The MSL is typically fewer than 20% of the titles in the enterprise, which greatly increases the probability of success of software license management as well as the speed to benefit while maintaining an acceptable risk profile. This article explains the top level approach to forming the initial MSL and makes recommendations around governance and socialization of the concept.
Software Compliance – The Challenges
For years companies have been struggling with the challenge of tracking software license compliance. The increase in instances of audit over the years as well as the amount of money spent on software licensing and maintenance have raised the importance of tracking compliance in the eyes of many executives. Most have sought the help of various auto‐discovery tools, with a seemingly simple solution ‐ namely, to have auto‐discovery determine the software that is installed and in use, and to match that information with purchasing records in order to establish a compliance position.

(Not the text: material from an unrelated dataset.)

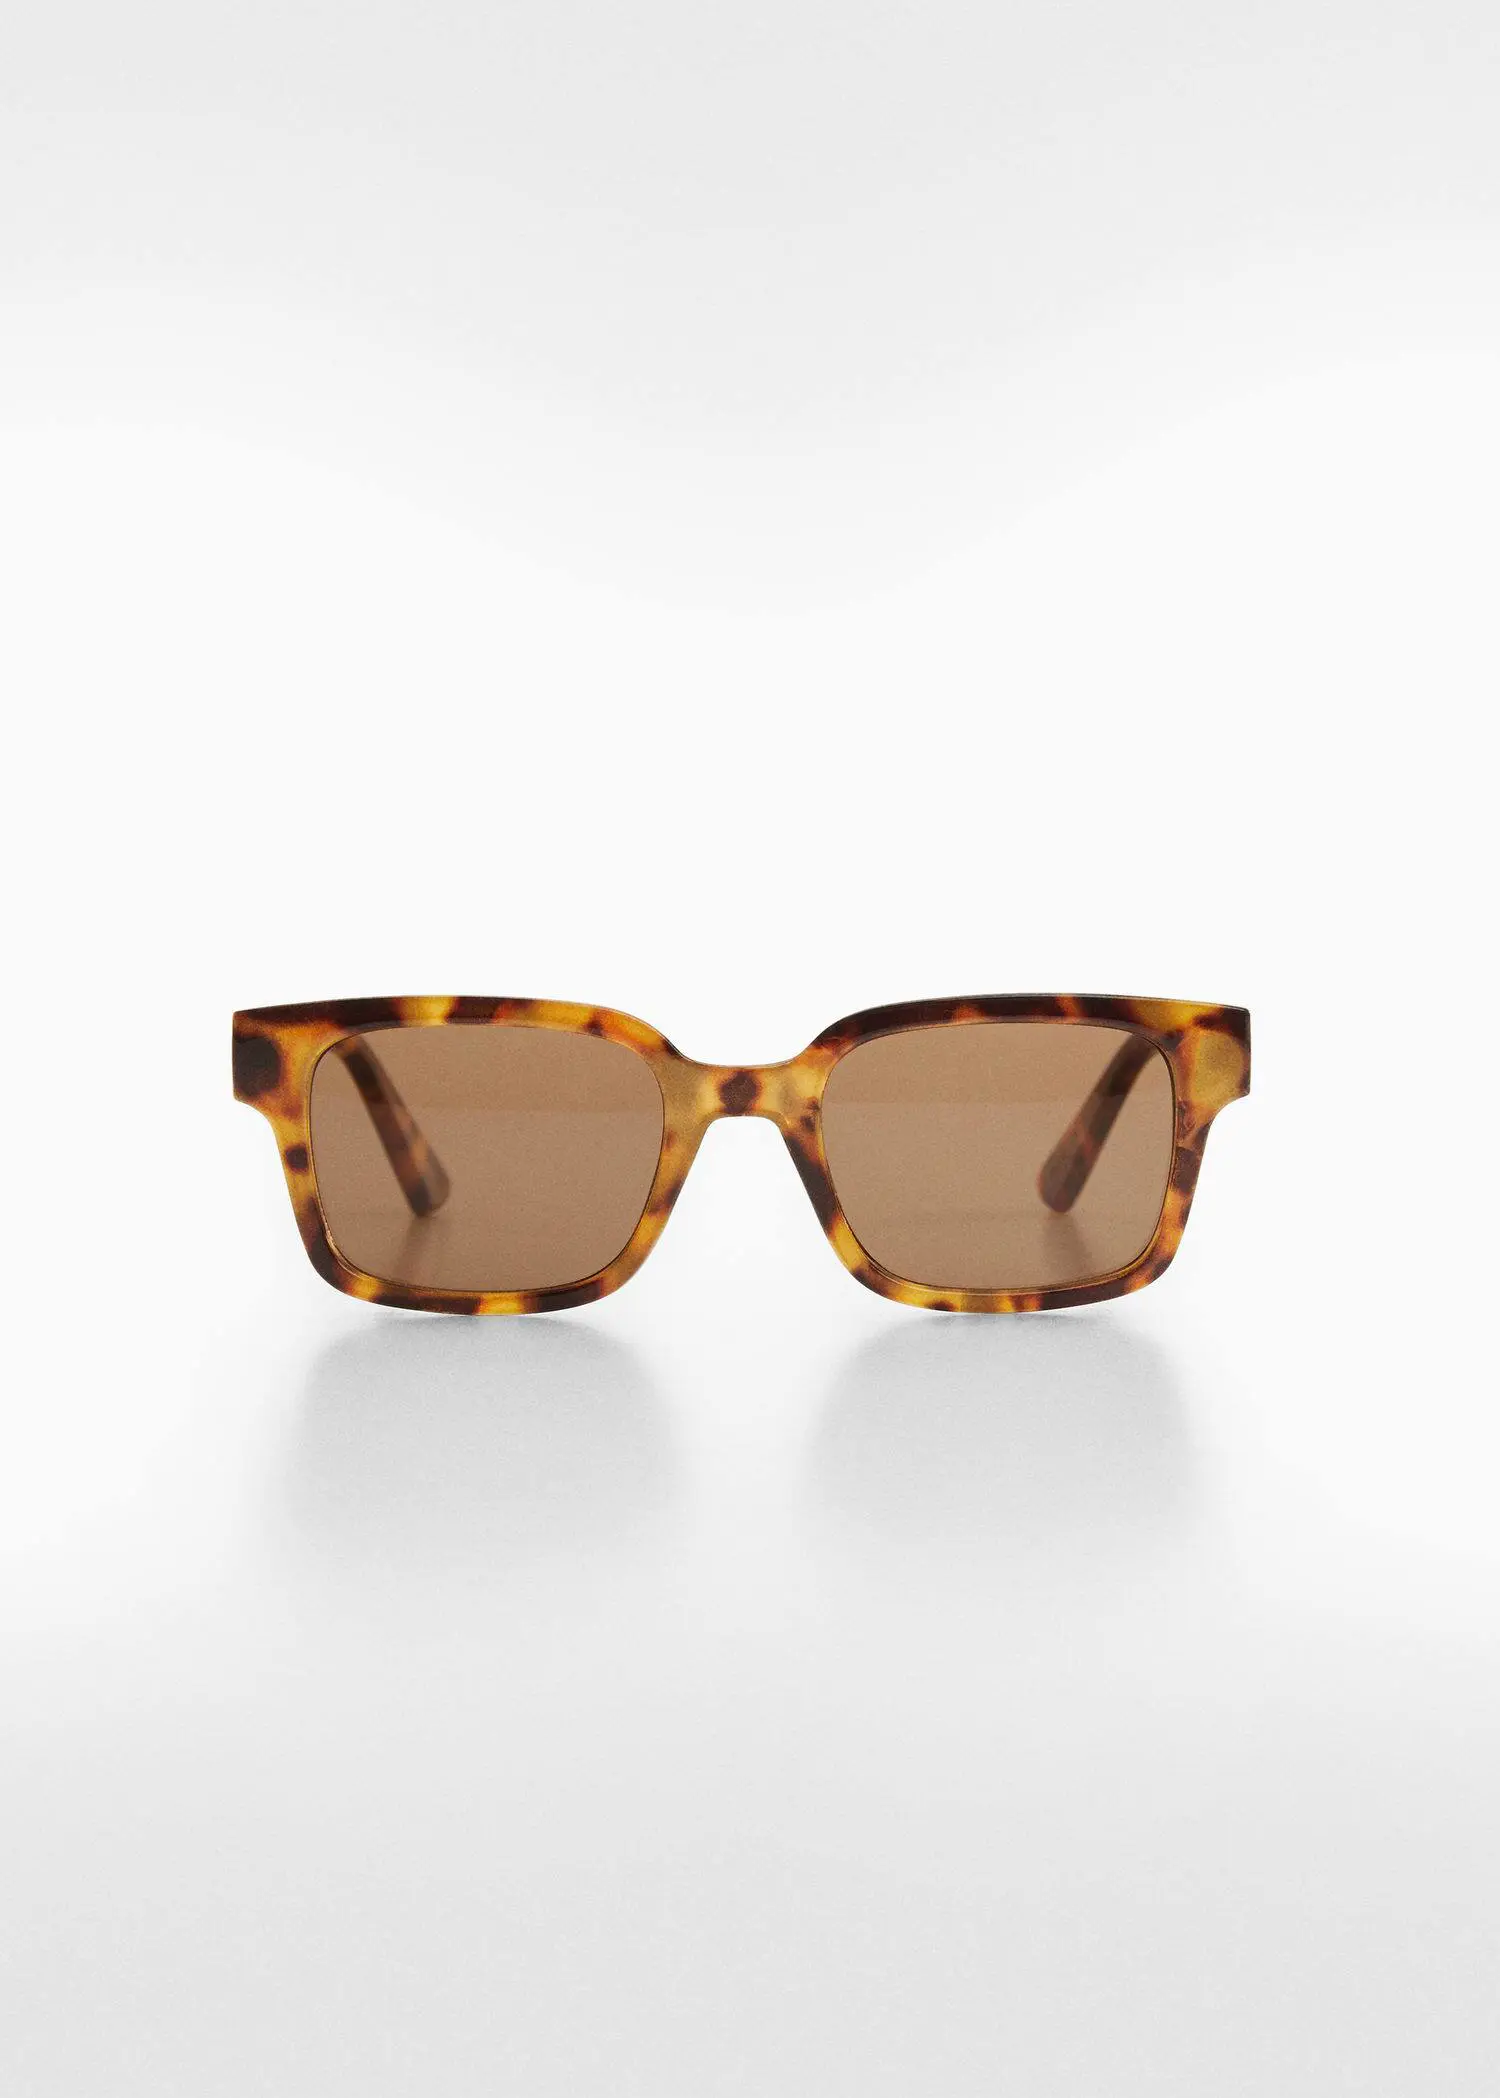 Mango Square sunglasses. 1

If the purchases equal or exceed the installations, then the company is in compliance. Unfortunately, those who have tried this recipe quickly found it was not that easy. They stumbled across one or more of the following challenges which few, if any, have been able to completely overcome:
- Auto‐discovery cannot differentiate between what is a licensed software title and what is a software component that does not require a license.
- Insufficient purchasing records exist to be able to demonstrate compliance.
- Many license models are increasingly complex, and auto‐discovery is of little or no help in determining the installed base. This is especially true in server/web‐based licenses.
- The attempt to show compliance ended up formally documenting an out‐of‐compliance position, putting the company in a worse position than before.
1: Differentiating Licensed from Component SW
On “Wintel” machines, which often represent a majority of the machines on which licensed software is installed, each software executable file contains information that is generally populated by the publisher of the software. That information generally defines the file’s publisher, the software title, the software version, and specific copyright notice.
Most auto‐discovery tools will query for this information and return it. The result is an over‐abundance of information about most, if not all, of the executable files on every discovered machine. In today’s world, a typical machine might have hundreds if not thousands of such files ‐ each being reported.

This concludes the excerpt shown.